[PYTHON] Created a Chrome extension that uses the power of natural language processing to drive dark sites out of the world

Motivation

Coronavirus pandemic and dark news these days ...: severe: → If you only see the bright news, you should feel positive!

What I made

A Chrome extension that makes Google search results harder to see the darker the content. Chrome Store: Opty github

Actual screen

Dark site Bright site
Screenshot 2020-04-22 11.01.17.png Screenshot 2020-04-22 11.03.22.png

How to use

Just install the Chrome extension from here and search! Reference: How to install the extension

environment

Personnel: 2 university students (Tomohiro Inoue, Takeshi Watanabe) Production period: 1 day Cloud Functions Python 3.7 JavaScript MeCab

System configuration

図.png

Brightness judgment

Break down a sentence into words and judge whether each element is bright or dark.

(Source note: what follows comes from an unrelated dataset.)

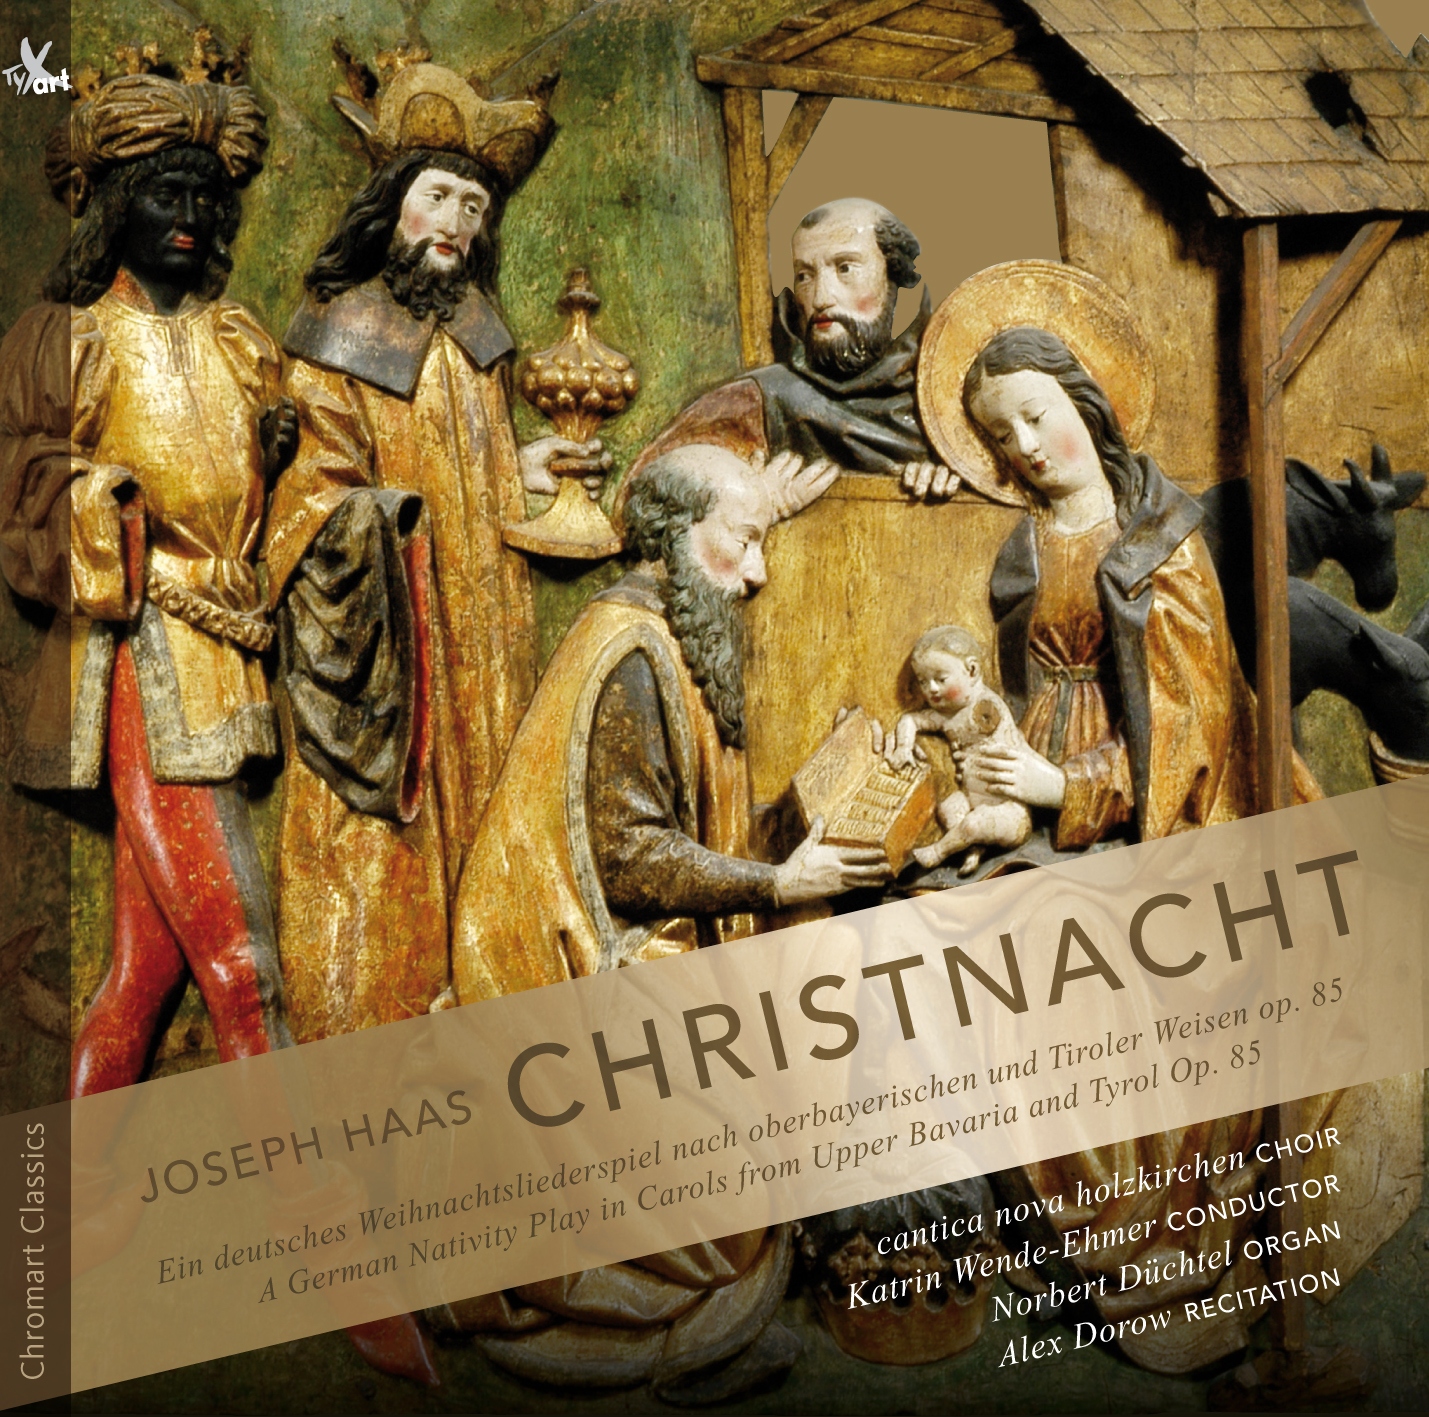 Joseph Haas: Christnacht (Christmas Eve) Op.85 - New Edition

MeCab is used to decompose sentences into words. For example

morph.py


import MeCab

tagger = MeCab.Tagger()
result = tagger.parse('The new coronavirus is outbreak worldwide.')
print(result)

When you execute the process

New noun,General,*,*,*,*,New model,Singata,Singata
Corona noun,General,*,*,*,*,corona,corona,corona
Virus noun,General,*,*,*,*,virus,virus,virus
Is a particle,Case particles,General,*,*,*,But,Moth,Moth
World noun,General,*,*,*,*,world,Sekai,Sekai
Noun,suffix,Adjectival noun stem,*,*,*,Target,Text,Text
Particles,Adverbization,*,*,*,*,To,D,D
Large prefix,Noun connection,*,*,*,*,Big,Die,Die
Trendy noun,Change connection,*,*,*,*,trend,Ryukou,Ryuko
Verb,Independence,*,*,Sahen Suru,Continuous form,To do,Shi,Shi
Particles,Connection particle,*,*,*,*,hand,Te,Te
Verb,Non-independent,*,*,One step,Continuous form,Is,I,I
Auxiliary verb,*,*,*,Special / mass,Uninflected word,Masu,trout,trout
.. symbol,Kuten,*,*,*,*,。,。,。
EOS

It is disassembled like. Extract the unused form of each word from the decomposed result and use it.

[Japanese evaluation polarity dictionary](http://www.cl.ecei.tohoku.ac.jp/index.php?Open] published by Inui Suzuki Laboratory of Tohoku University for determining the brightness of elements % 20Resources% 2FJapanese% 20Sentiment% 20Polarity% 20Dictionary) has been used.

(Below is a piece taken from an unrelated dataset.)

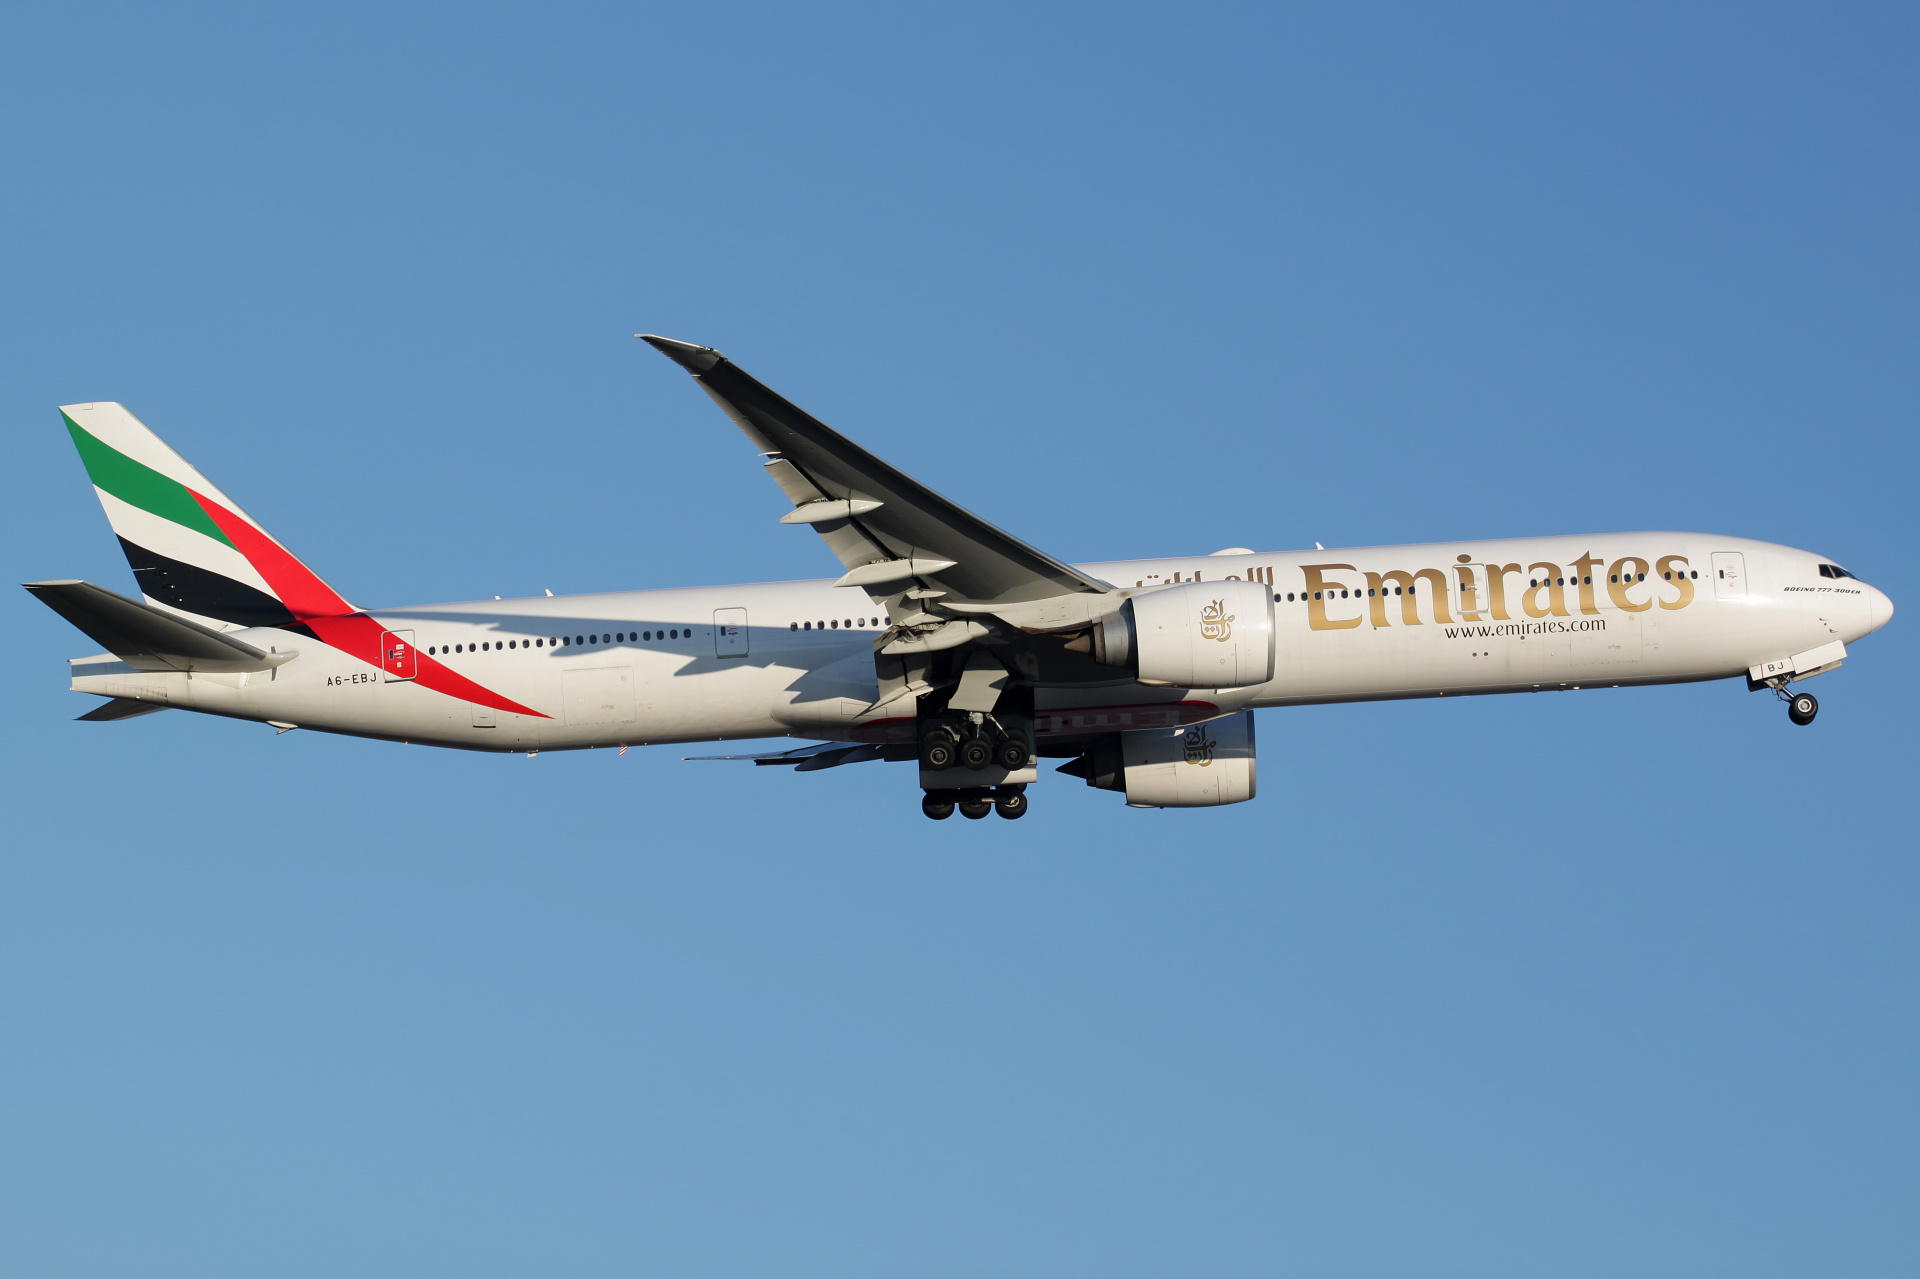 A6-EBJ (Aircraft » EPWA Spotting » Boeing 777-300ER » Emirates)

In this dictionary, Japanese words are classified into positive (bright) or negative (dark), and nouns are classified into three levels: p (positive), n (negative), and e (neither).

wago.121808.pn


Negative (experience)
Negative (experience) give up
Negative (experience) Akiruno
Negative (experience)
Negative (experience)

pn.csv.m3.120408.trim


Thank you p ~ There is / enhances (existence / nature)
Thank you p ~ There is / enhances (existence / nature)
Thank you annoyance n ~ becomes / becomes (evaluation / emotion) subjective
Being e ~ as it is (evaluation / emotion) Subjectivity
Being e ~ as it is (evaluation / emotion) Subjectivity

Each component of the sentence is replaced with 1 if it is positive, -1 if it is negative, and 0 otherwise, and the average is taken as the brightness of the sentence.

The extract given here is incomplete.